Look through the data below for the line with "English George III" and the line with "A silky and", then output those two and all lines in between, exactly as written.
======== TASK DATA
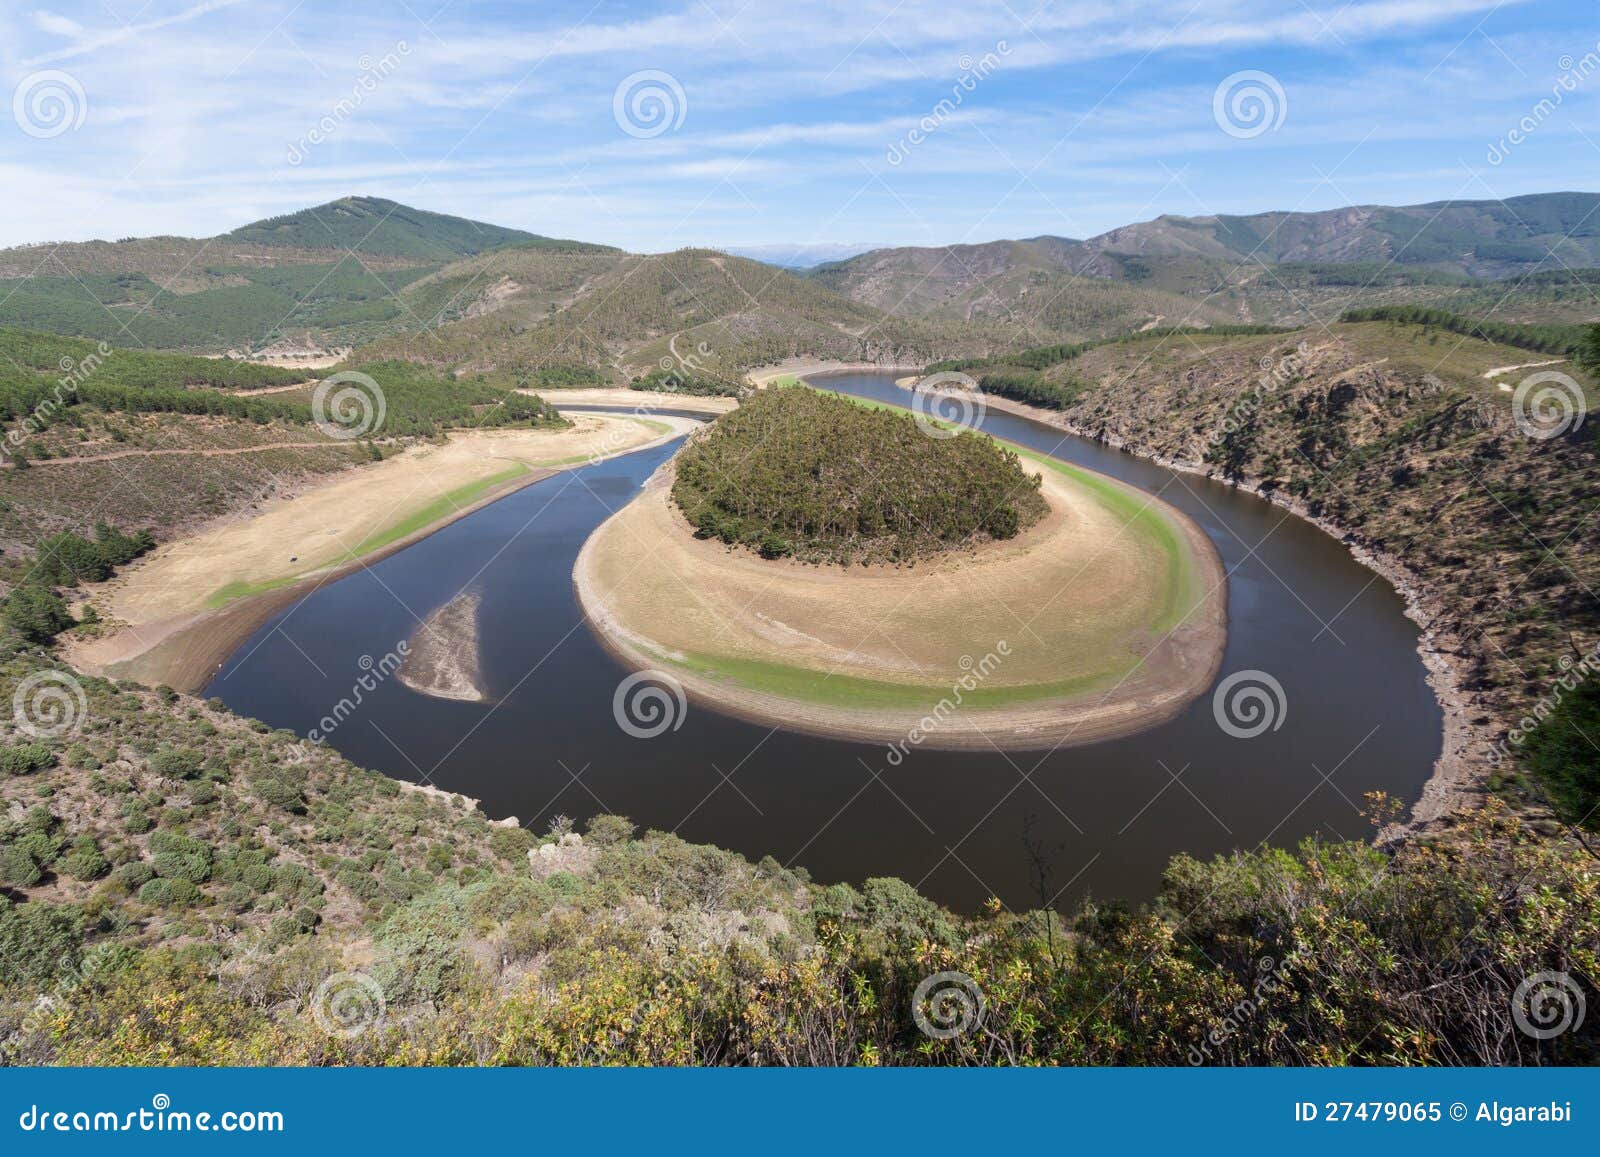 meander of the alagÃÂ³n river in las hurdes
================
======== TASK DATA
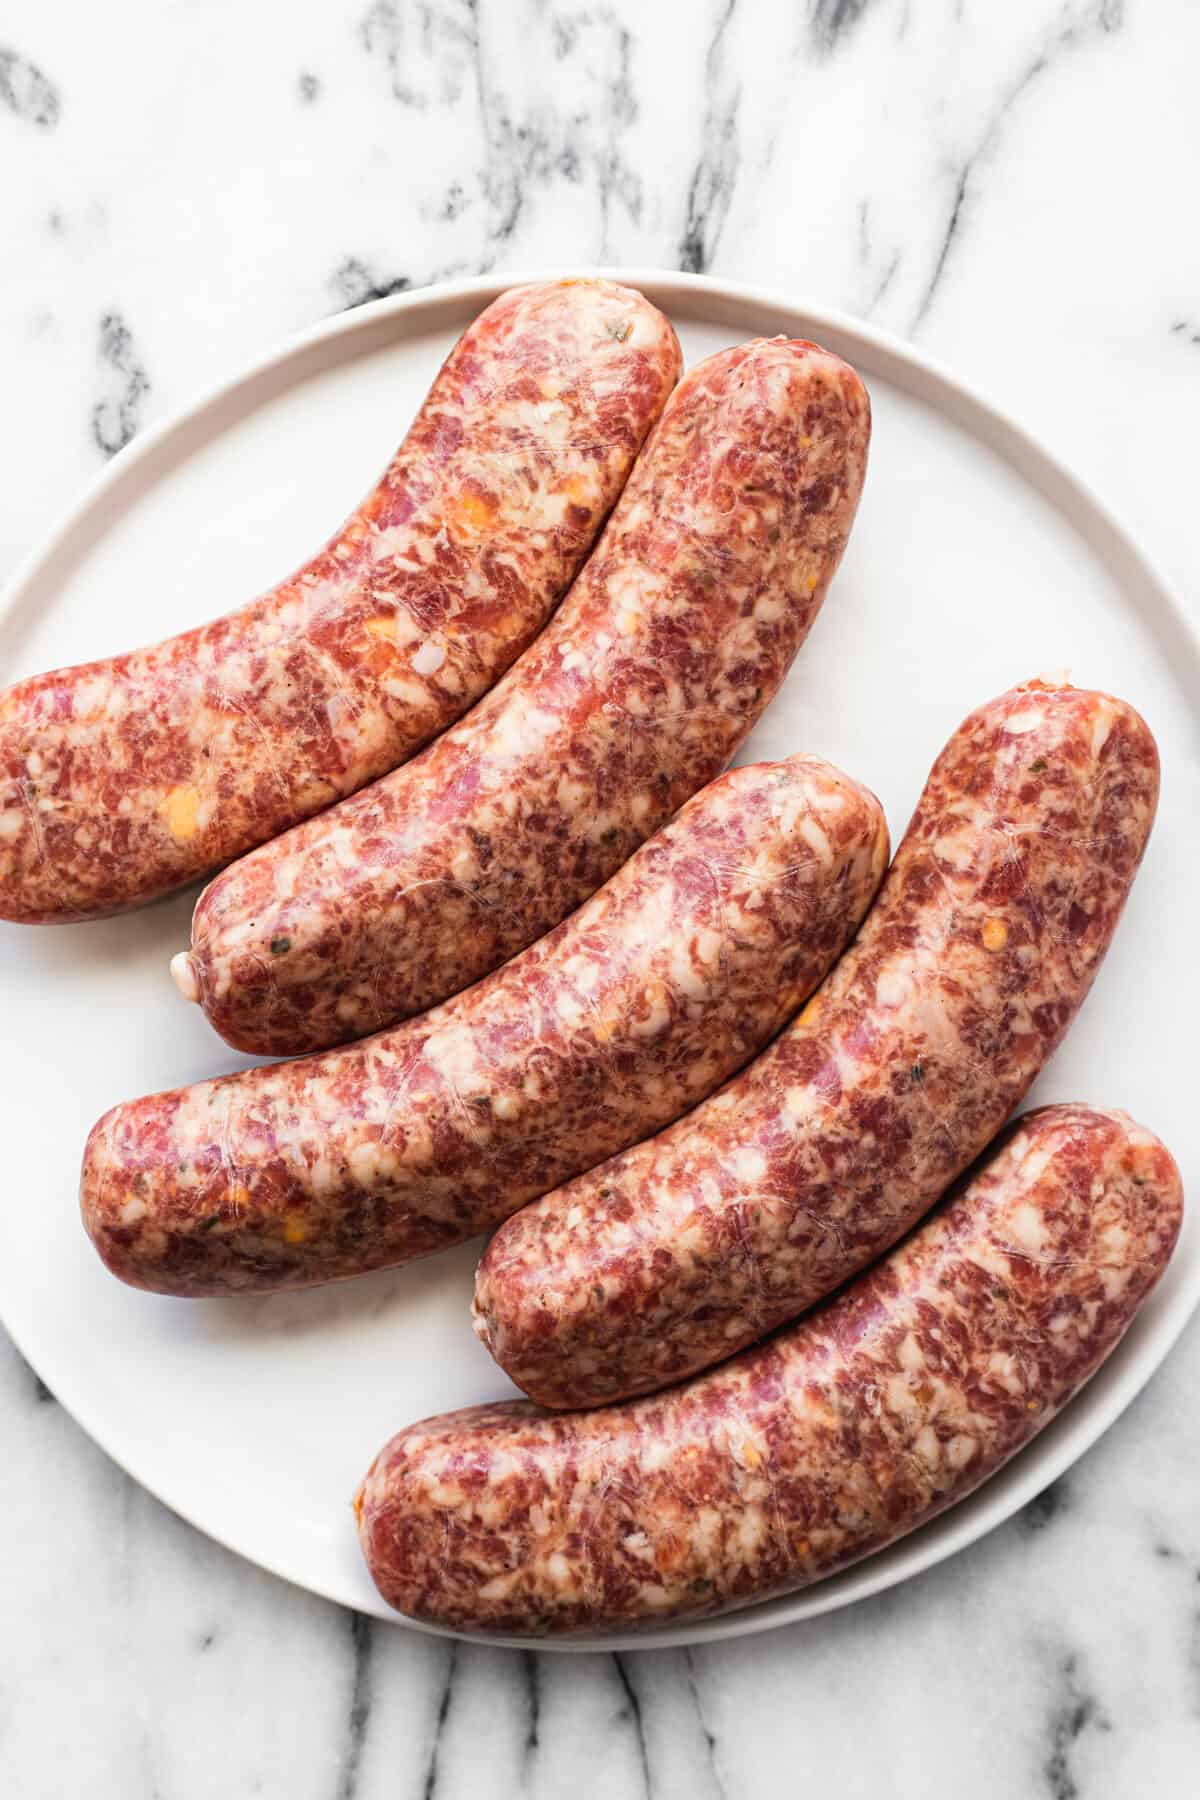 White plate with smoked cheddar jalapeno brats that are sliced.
================
======== TASK DATA
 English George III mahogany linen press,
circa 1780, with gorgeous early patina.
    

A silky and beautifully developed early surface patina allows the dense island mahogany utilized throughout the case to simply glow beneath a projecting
================
PROBLEM SOLUTION:
 English George III mahogany linen press,
circa 1780, with gorgeous early patina.
    

A silky and beautifully developed early surface patina allows the dense island mahogany utilized throughout the case to simply glow beneath a projecting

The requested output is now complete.